Writing about the 32 Beethoven sonatas made me remember a loose thread I never picked up from an earlier post. This summer, I cited Harold Schonberg’s books as examples of popular writing about classical music, and compared them to the kind of thing we tend to get now. I didn’t actually mean to hold Schonberg up as a paragon; I was simply trying to say that I find his books more entertaining references than many of the popular works we have today. But after finishing rereading “The Great Pianists,” I'm not sure I'd even go that far; filled with information as it is, it ultimately lost me thanks to its incessant hyperbole.
(read more after the jump)

To give just one example: the following are a list of citations of selected performances of Beethoven’s 32 sonatas. The statements don’t actually contradict one another, but they are presented in such garbled order that it’s hard, when you’re reading the book, to absorb and keep track of the facts, apart from the idea that there are lots of important “firsts” going on.

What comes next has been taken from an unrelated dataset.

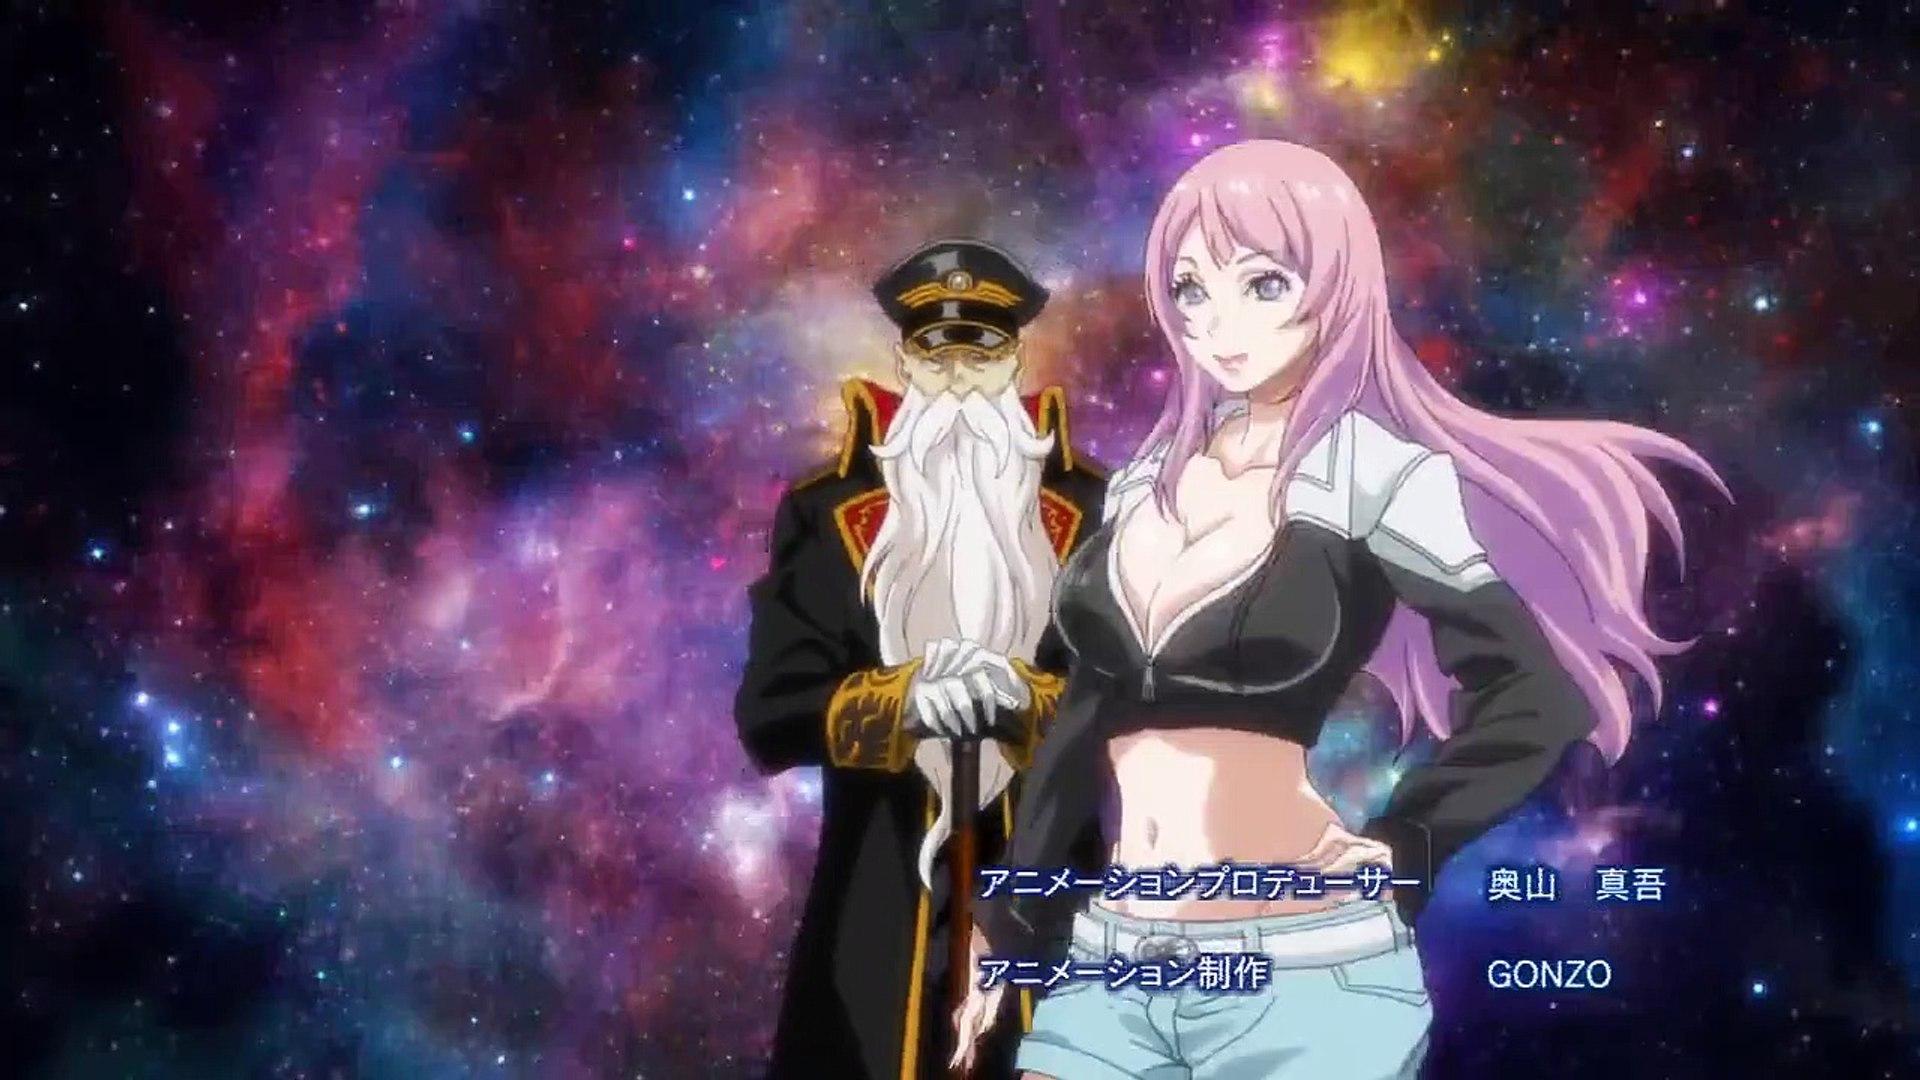 Space Battleship Tiramisu ep 2  Watch anime online, Watch cartoon online, English dub anime

p. 189 “Carl Wolfsohn, from Germany, settled in Philadelphia, where he concentrated on Beethoven and chamber music. He played the 32 sonatas in 1863 (repeating them in New York and still later in Chicago).”

p. 221 “Hallé did much to popularize Beethoven… By 1852 he was giving semipublic recitals in his own home at which he played nothing but Beethoven. These attracted so much attention that in 1861 he started giving similar recitals in St. James’s Hall, playing the thirty-two sonatas in a series of eighteen recitals. Apparently he was the first pianist in history to play the cycle.”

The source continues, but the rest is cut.